Grewal and his colleagues have seen the loss of many elders to extended care facilities. Each elder’s health is regularly assessed to determine whether or not they can still live independently. If they can’t, they are sent to a mainstream 24-hour care facility, away from the reserve.

“The fundamental desire is to have facilities in the home communities,” said Dr. Bonita Beatty, professor in the Department of Aboriginal Studies at the University of Saskatchewan.

Beatty believes that there needs to be more on-reserve health care facilities for aboriginal seniors in order to help keep elders within their communities.

“The need for 24-hour care pushes [elders] into the cities,” added Beatty, often separating aboriginal seniors from their families.

Bringing elders together

The on-reserve Sto:lo Elders Lodge was built to keep community and family intact.

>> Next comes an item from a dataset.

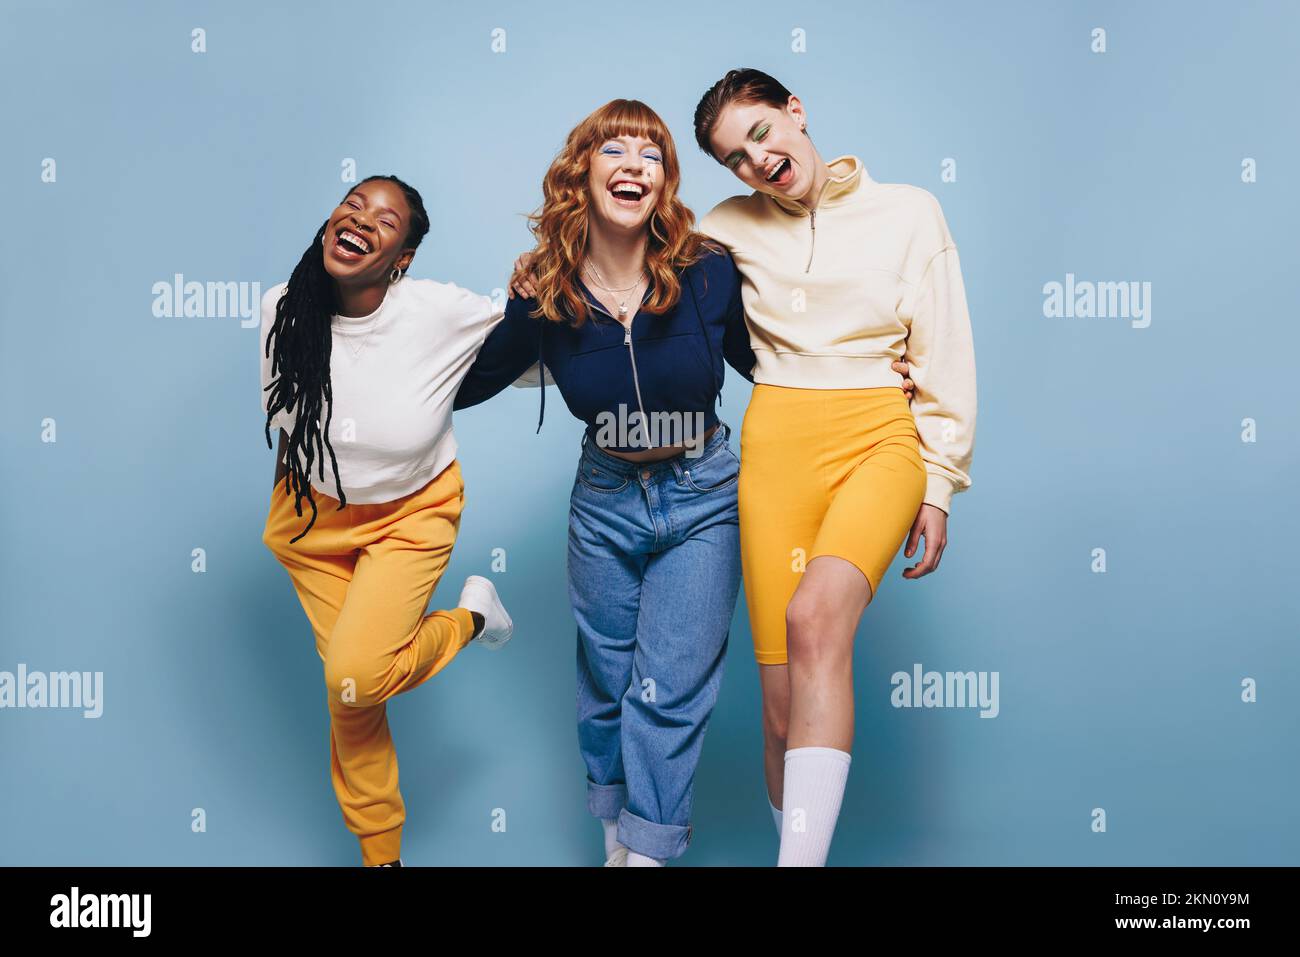 Three female friends laughing happily while embracing each other. Group of cheerful young women having fun while standing together against a blue stud Stock Photo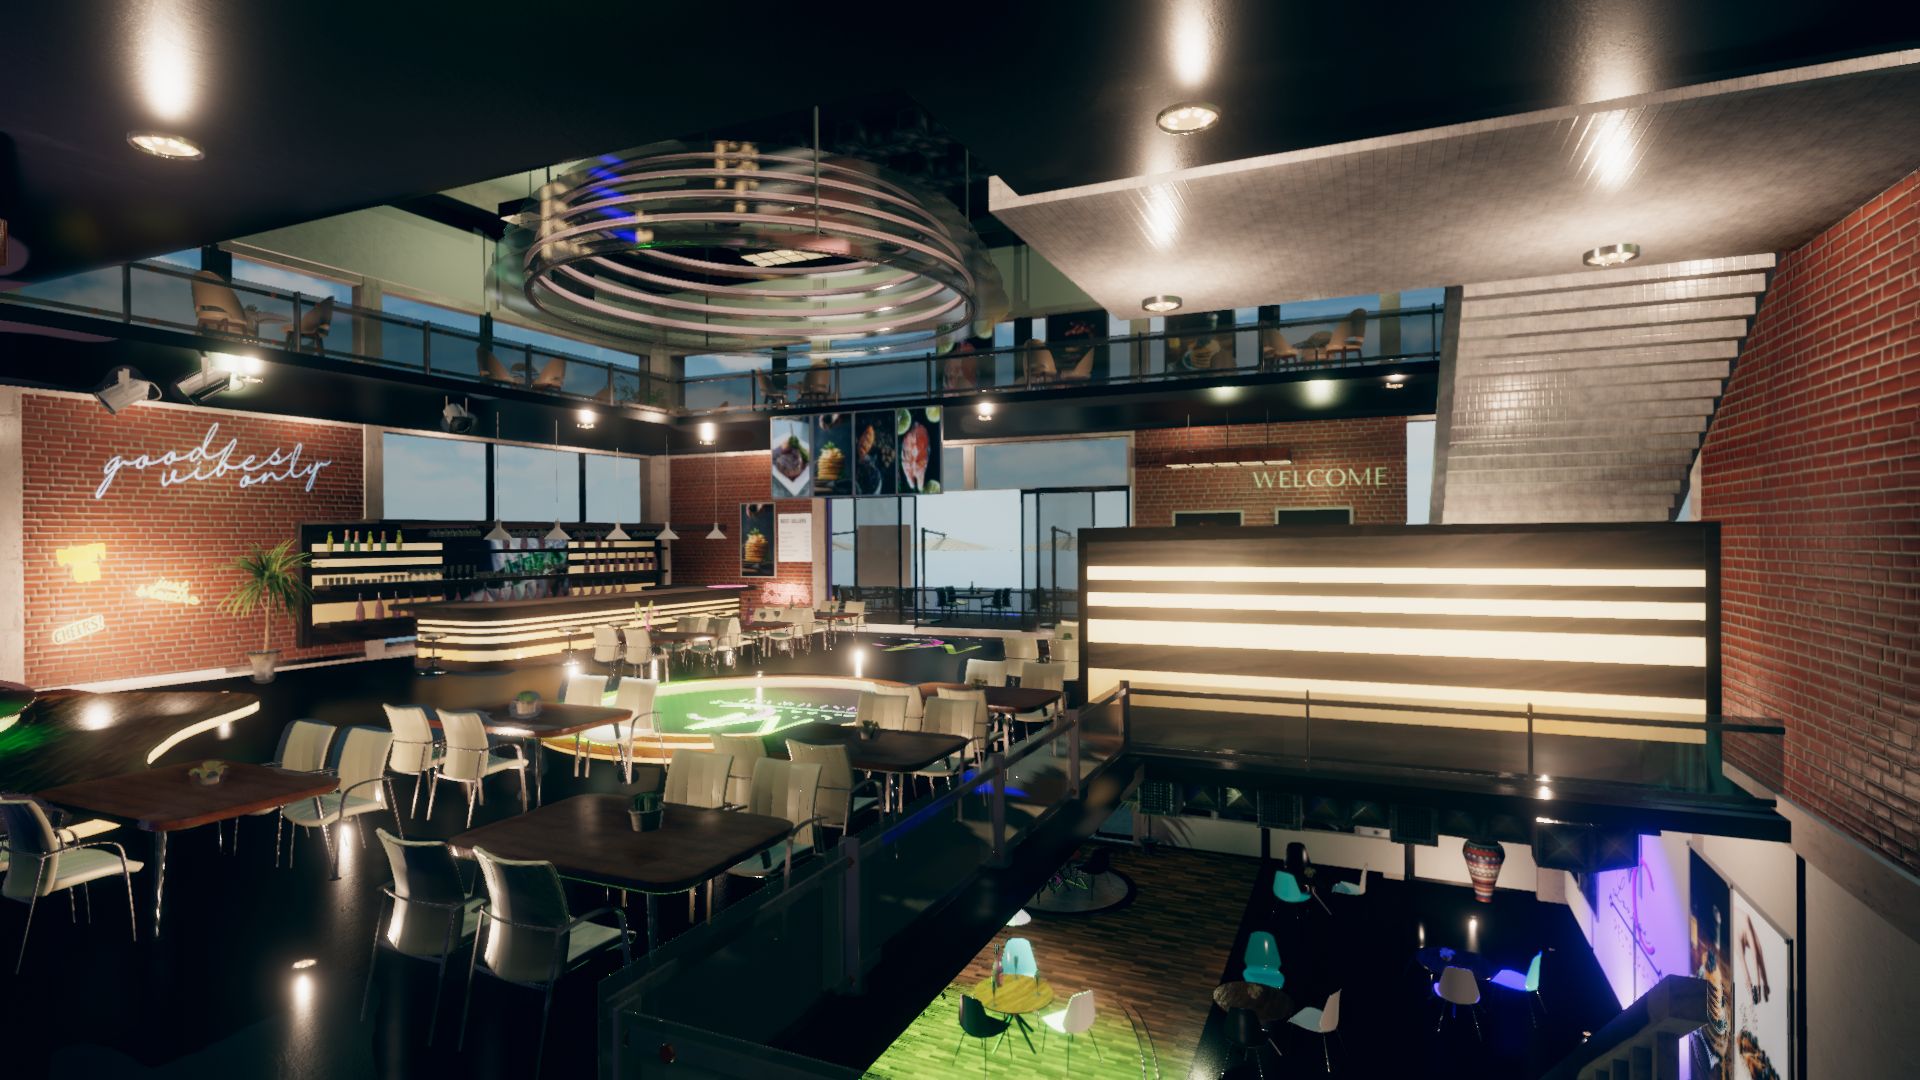 An image showing MC Restaurant and Lounge asset pack, created with Unity Engine.

Four years ago, when Bernice was admitted into the Sto:lo Elders Lodge, it wasn’t long before she recognized that she had family living under the same roof.

“Who’s that lady over there? I know that I know her… so I wheeled on over to her and started talking to her.  She’s a Williams from Chehalis. I’m a Williams from Scowlitz, and her husband is my father’s first cousin so we’re a family all around,” said Williams.

‘When my husband and my son died, I was by myself. I lost my people so I came here. I didn’t want to live by myself’ – Mary Emery, resident 

Bernice found her cousin, Mary Emery, in the Lodge and has been at her side ever since — she even brings her tea every morning. Bernice makes it a priority to tend to Mary, who is over 20 years her senior.

“I came from a big family,” said Emery, who spent her life in Yale, B.C.

“There were 11 of us and I’m the only one left. I’ve been here for five years. When my husband and my son died, I was by myself. I lost my people so I came here. I didn’t want to live by myself.”

Living alongside Mary, Bernice is happy to call the Sto:lo Elders Lodge home, especially since she gets to continue living in her hometown while receiving the assisted care that she needs.